• [WHAT IS NEEDED]:
From the first line to the last, output the data exactly as it stands, minus its pictures.

• [AVAILABLE DATA]:
________________________________________
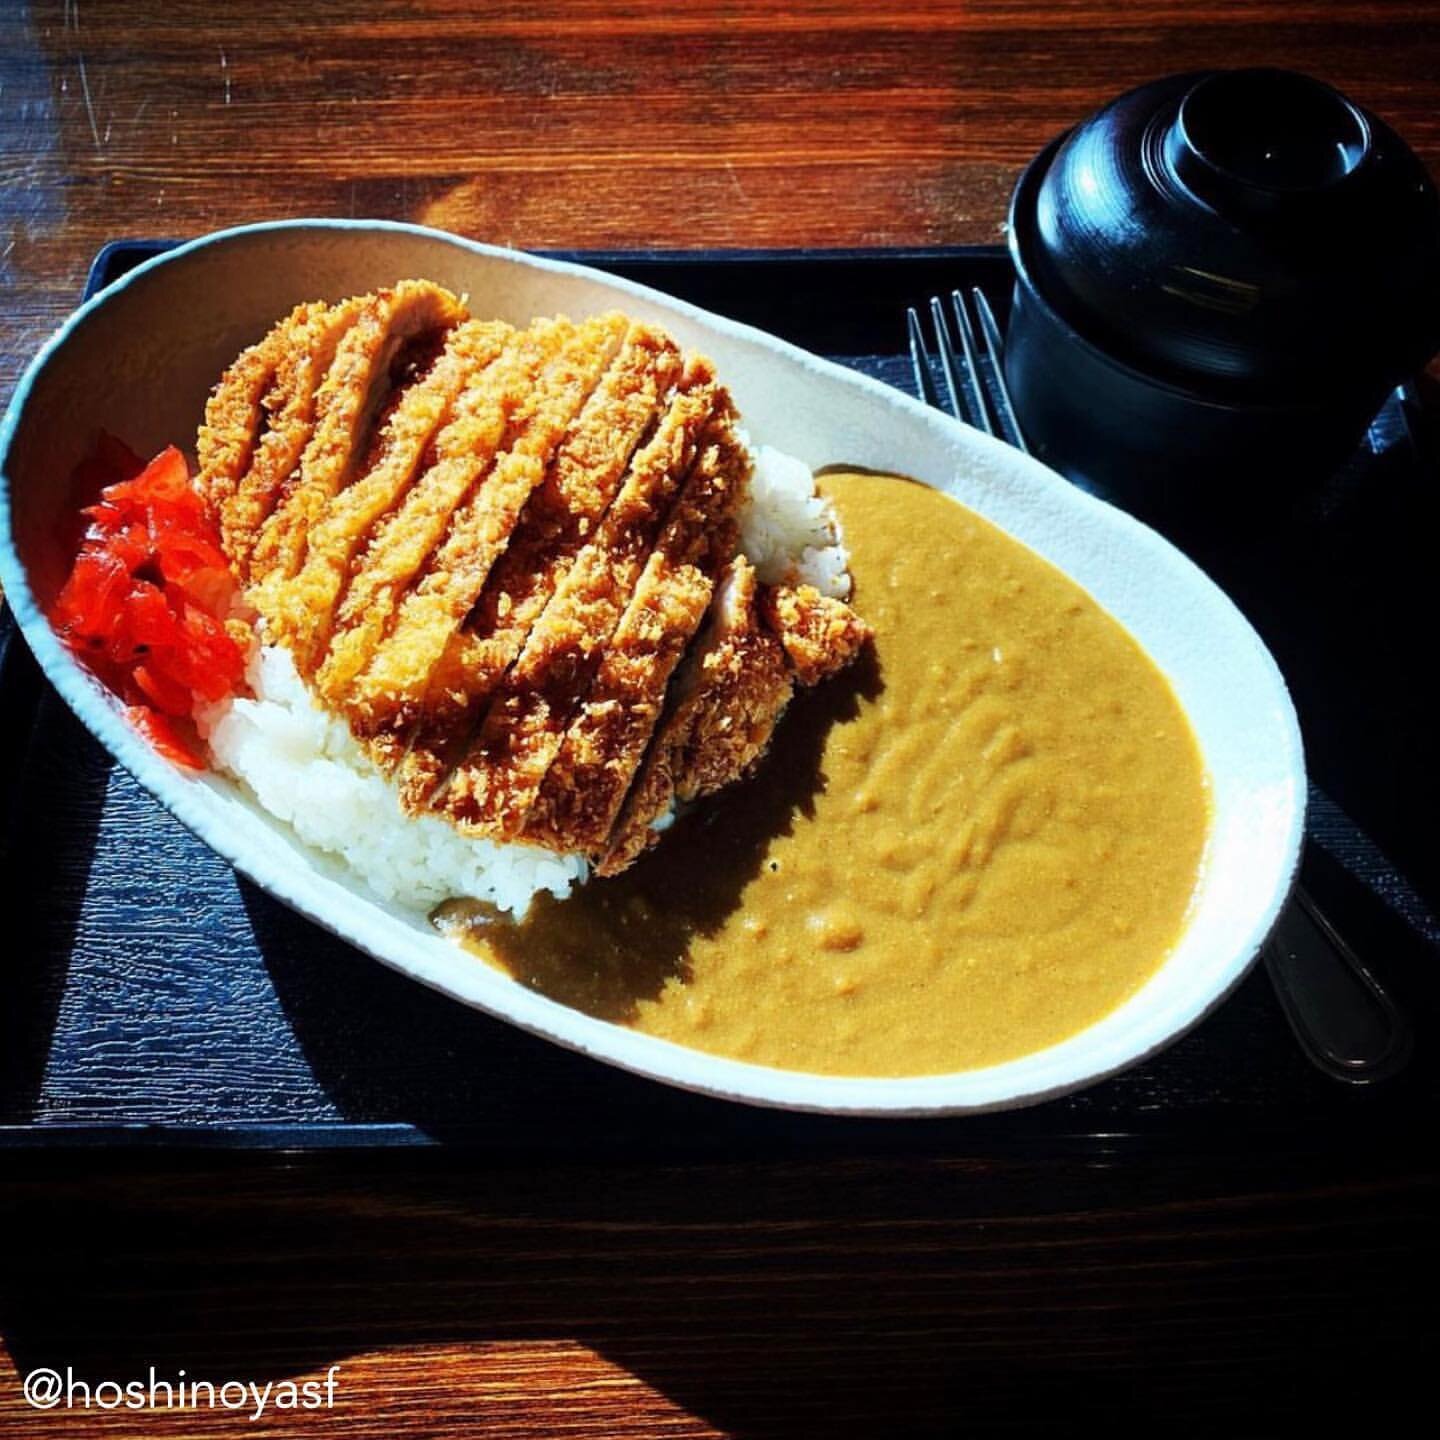 CURRY 4 CURRY IN JTOWN😋🏀

Come to San Francisco&rsquo;s Japantown and enjoy a delicious curry dish from places like @sfonthebridge and @hoshinoyasf while cheering on Steph Curry and the Warriors the 2023 NBA Playoffs! 

Join our Curry 4 Curry campa
________________________________________
• [REPLY]:
 CURRY 4 CURRY IN JTOWN😋🏀

Come to San Francisco&rsquo;s Japantown and enjoy a delicious curry dish from places like @sfonthebridge and @hoshinoyasf while cheering on Steph Curry and the Warriors the 2023 NBA Playoffs! 

Join our Curry 4 Curry campa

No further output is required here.